CLE-LIKE GENES IN PLANT PARASITIC NEMATODES
We have reviewed accumulating evidence of the importance of CLE activity in shaping the plant in response to endogenous and environmental signals. However, recent studies also suggest that phytopathogenic microbes might have hijacked the CLE-mediated developmental signaling pathway of host plants, and that this might have improved the rate of colonization (Fig. 3a and Table 2).
Phytoparasitic nematodes are economically significant, as they can cause massive damage to many agriculturally important plant crops (Williamson and Hussey, 1996). To gain detailed insight into the establishment of nematode parasitic interactions with host plants, many efforts to identify “parasitic genes” required for parasitism of nematode have been carried out using different nematode species (Davis et al., 2000; Davis et al., 2008). In general, parasitic effecter proteins produced in the esophageal gland cells of nematodes were thought to be secreted from the nematode through its stylet into the plant tissue (Davis et al., 2000; Davis et al., 2008).
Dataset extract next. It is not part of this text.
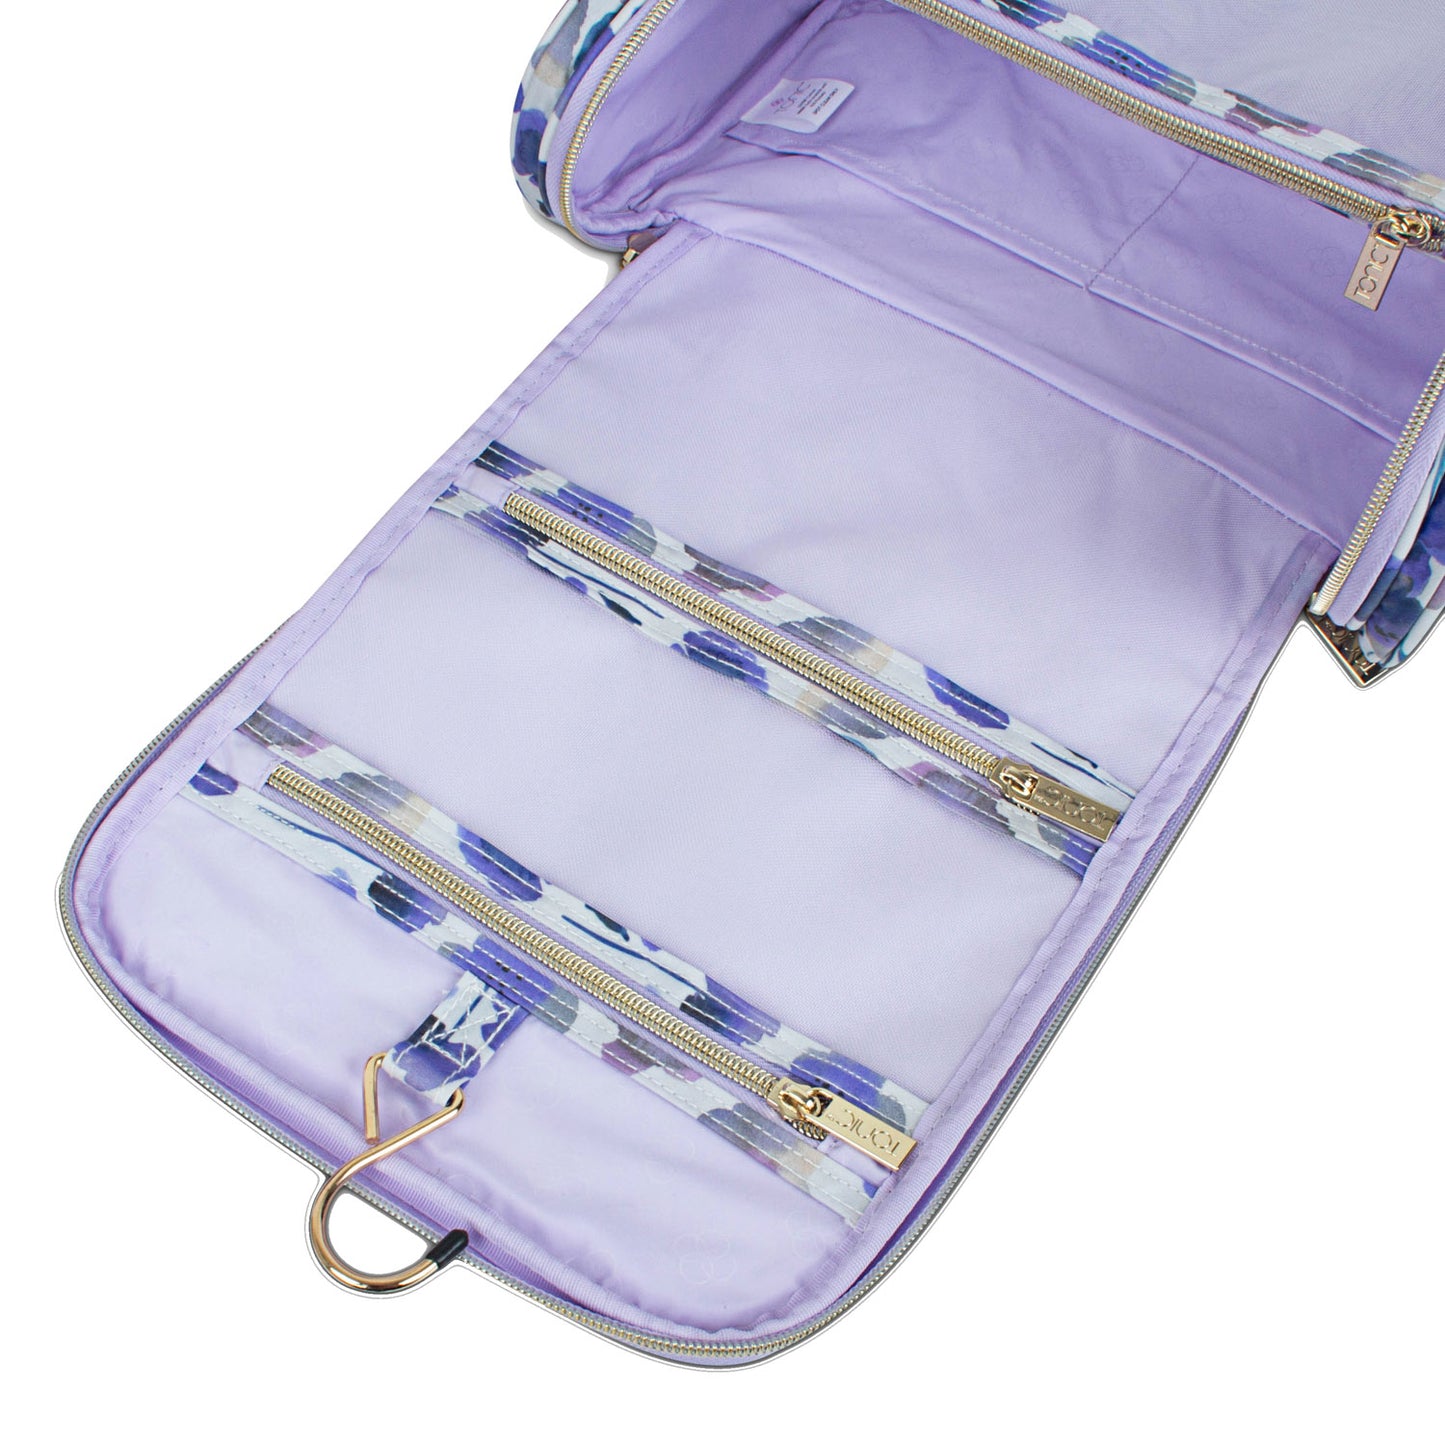 Essential Hanging Cosmetic Bag Morning Meadow

Attempts to target the secretory proteins from the esophageal gland cells of the soybean cyst nematode Heterodera glycines at the parasitic stage identified HgCLE1 (formerly known as 2B10 and identical to Hg-SYV46) and HgCLE2 (also known as 4G12), both of which encode proteins that contain a C-terminal CLE domain (Wang et al., 2001; Gao et al., 2003; Wang et al., 2010). These two highly similar HgCLE genes encode proteins of almost 140 amino acids, and their N-terminal signal peptides and 12-amino acid CLE domains are identical (Wang et al., 2001; Gao et al., 2003; Wang et al., 2010). The specific antisera raised against the synthetic peptide corresponding to the CLE domain of these nematode proteins labeled the nematode effector secretion route from the dorsal lobe in the nematode (Wang et al., 2010). The antisera also detected the specific signal in the cytoplasm of a syncytial cell produced by the nematode, indicating that HgCLEs are delivered into the cytoplasm of a host plant cell through the stylet (Wang et al., 2010). Interestingly, complementation tests of the clv3-1 plants using HgCLE2 constitutively expressed under the control of the CaMV35S promoter resulted in the successful complementation of the clv phenotype (Wang et al., 2005). Overexpression of HgCLE2 in the Col-0 wild type resulted in the wus-like shoot phenotype and the short-root phenotype, both of which can be observed in CLV3-overexpressing plants (Wang et al., 2005; Davis, 2009). These data suggest that a nematode parasitic gene is able to mimic CLV3 function in planta, and might be used to modify the host plant CLE signals (Olsen and Skriver, 2003; Wang et al., 2005; Davis et al., 2008; Mitchum et al., 2008).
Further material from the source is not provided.